Provided data
>>

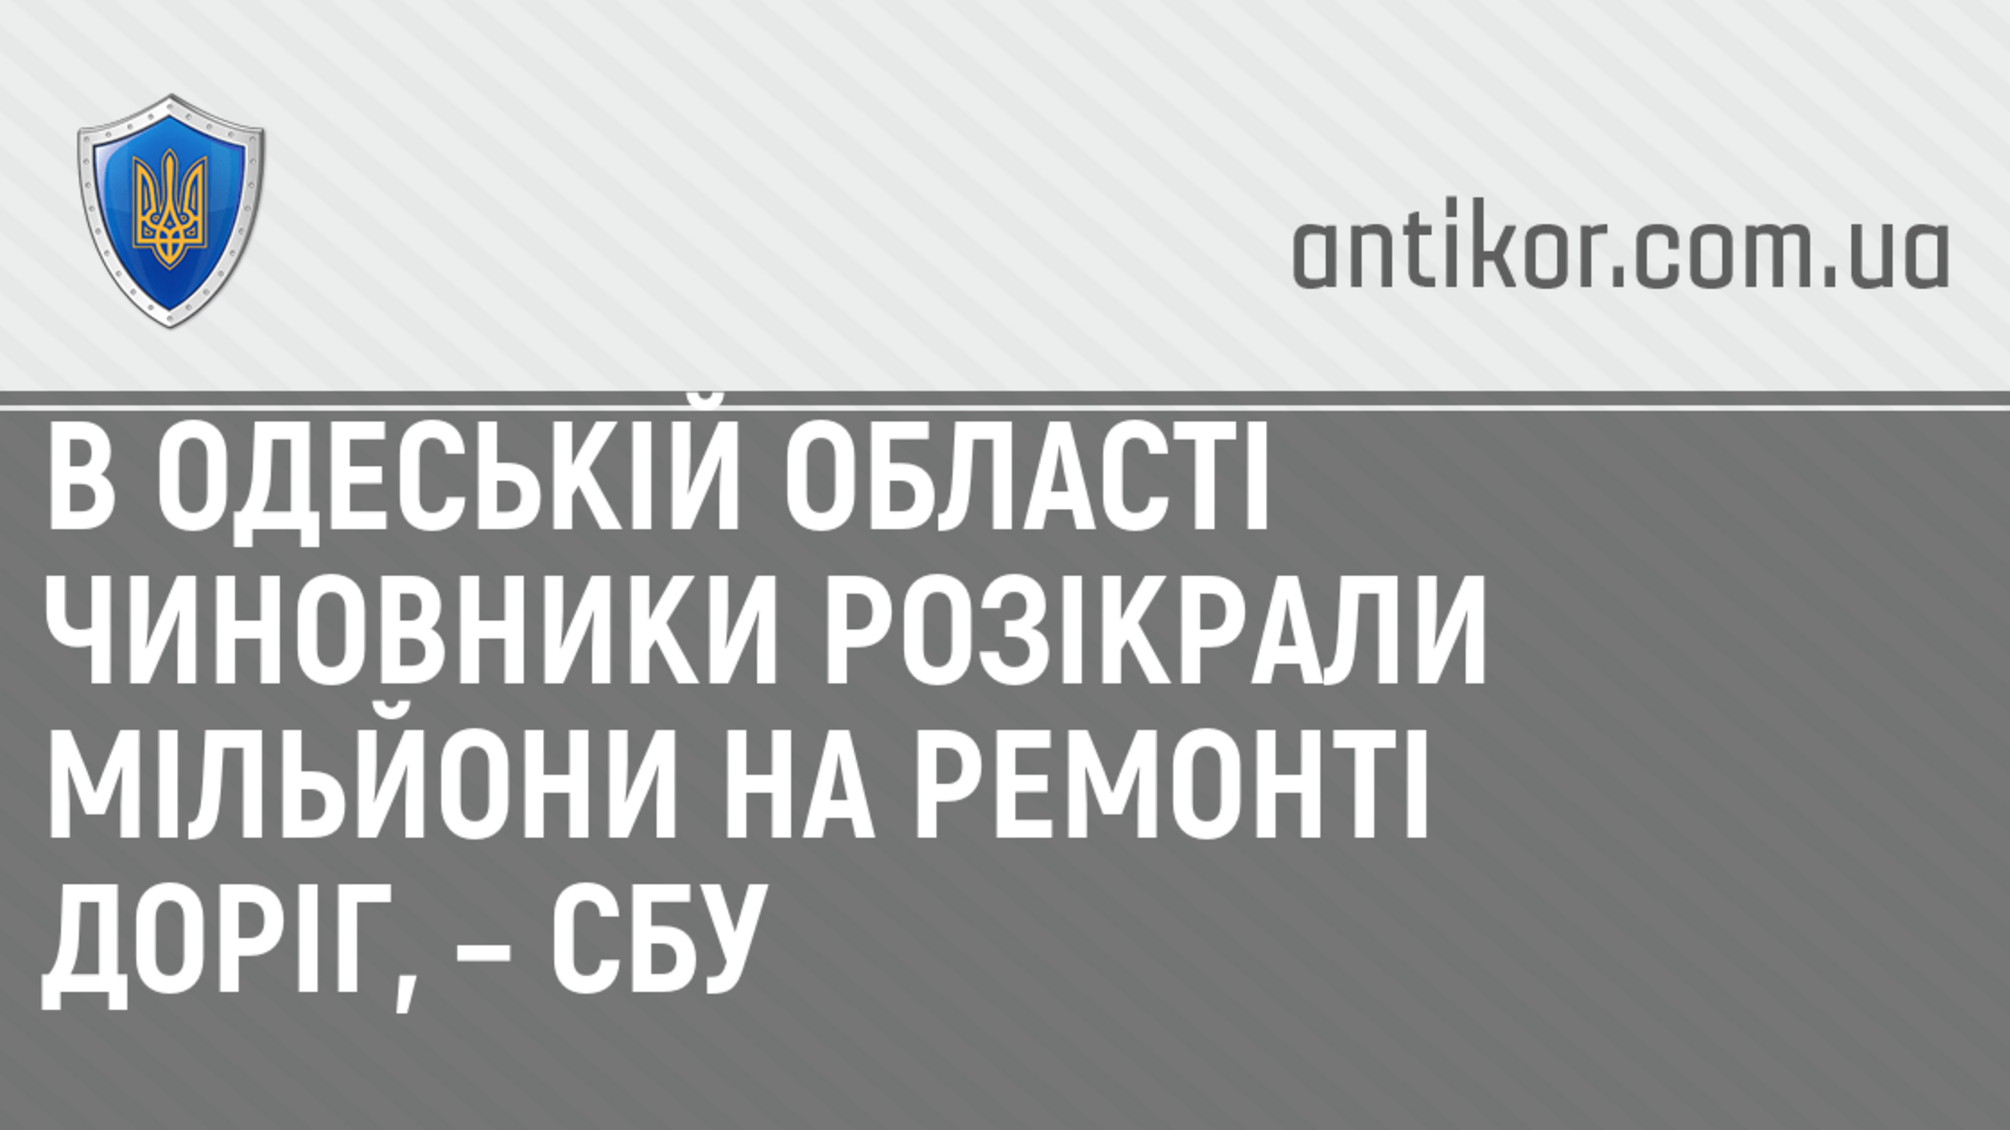 В Одеській області чиновники розікрали мільйони на ремонті доріг, – СБУ
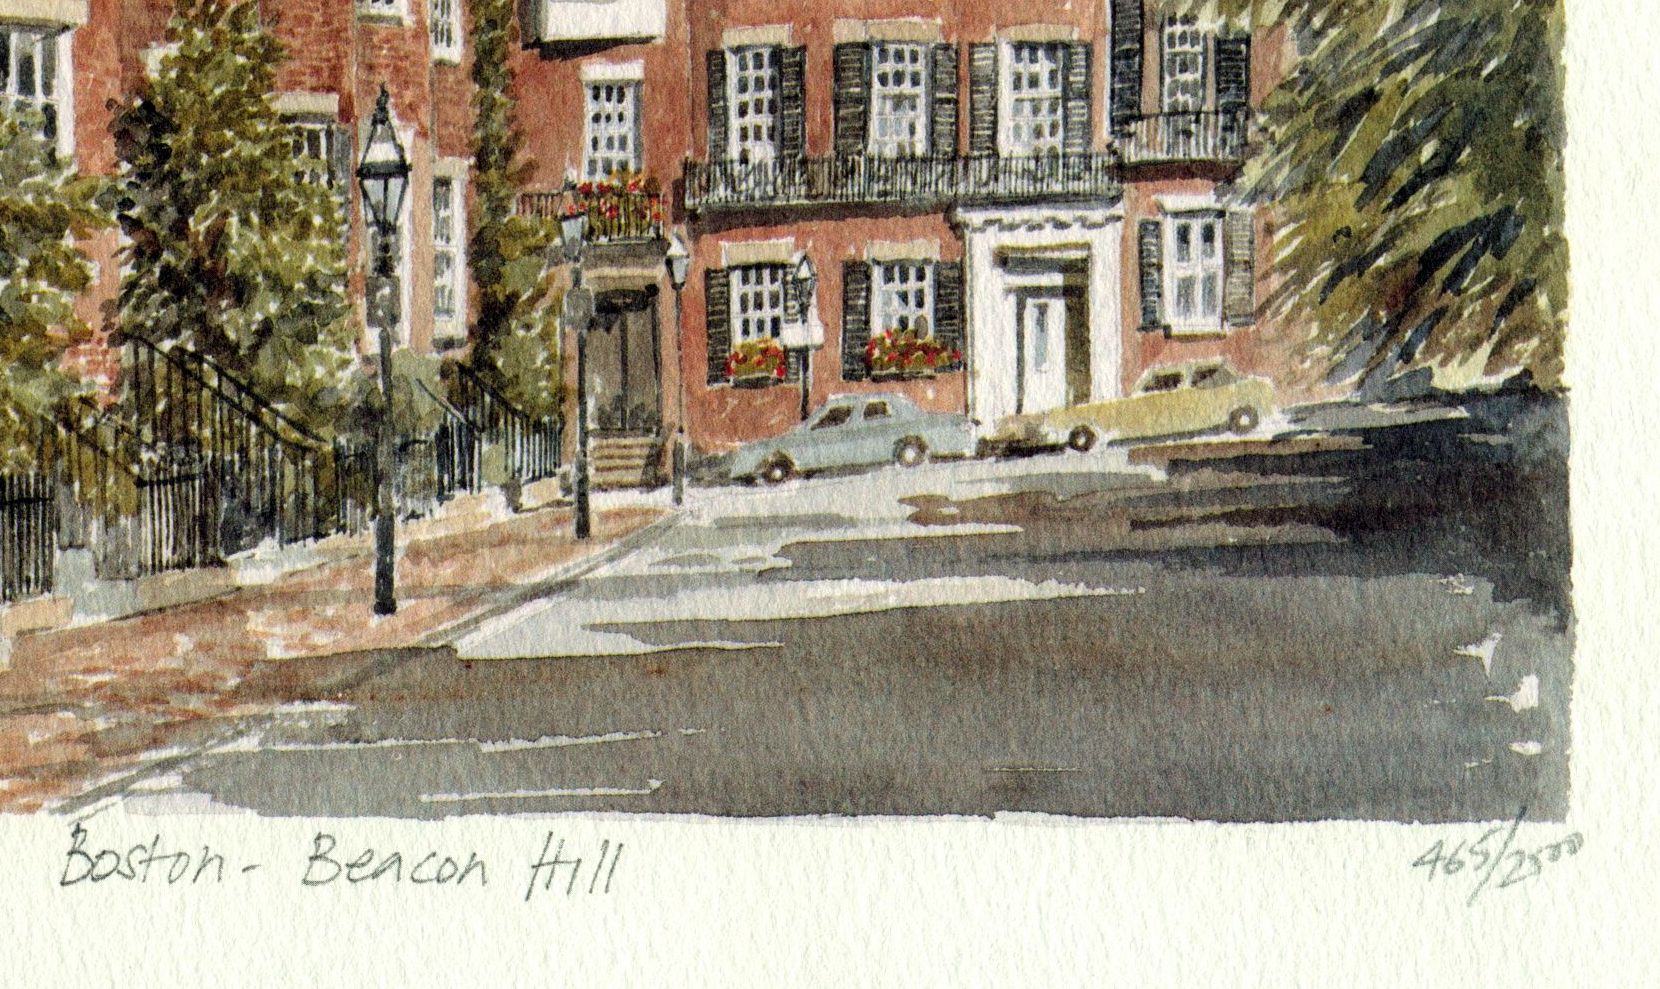 Beacon Hill in Boston
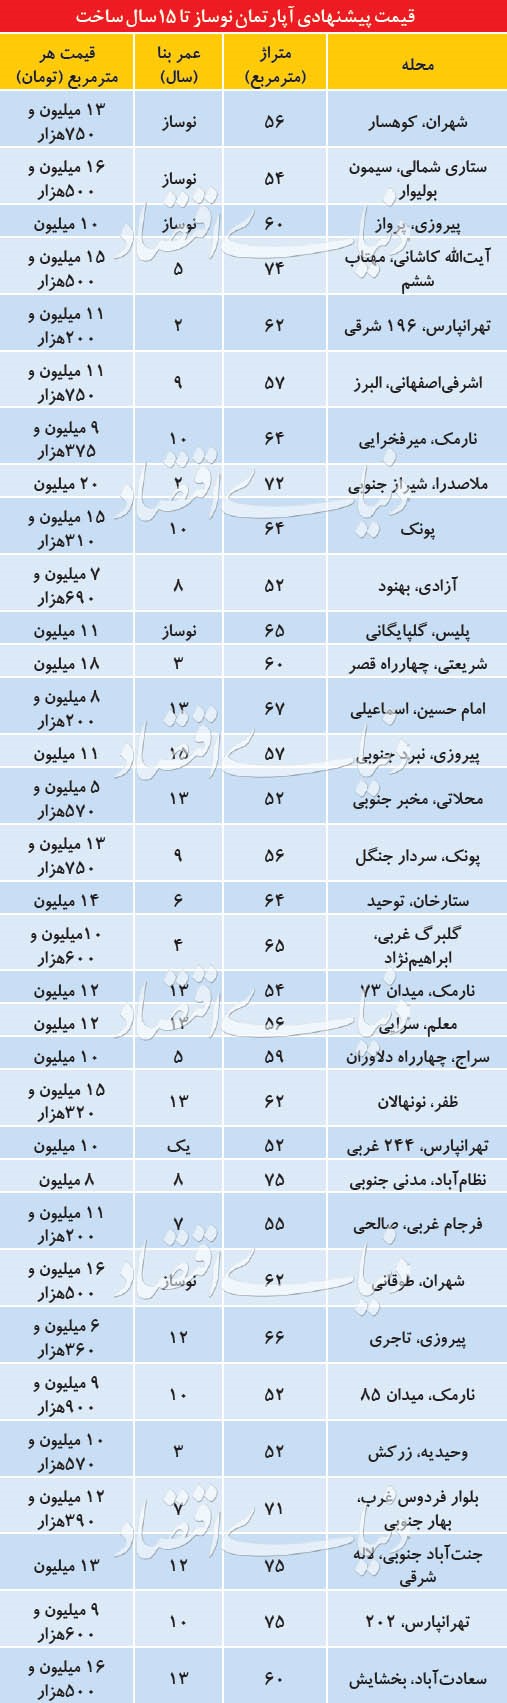 مروری بر قیمت واحد های زیر 15 سال در تهران

<<

Task item
Give the listing again word for word. Skip every image.

Output of the task
 В Одеській області чиновники розікрали мільйони на ремонті доріг, – СБУ
 Beacon Hill in Boston
 مروری بر قیمت واحد های زیر 15 سال در تهران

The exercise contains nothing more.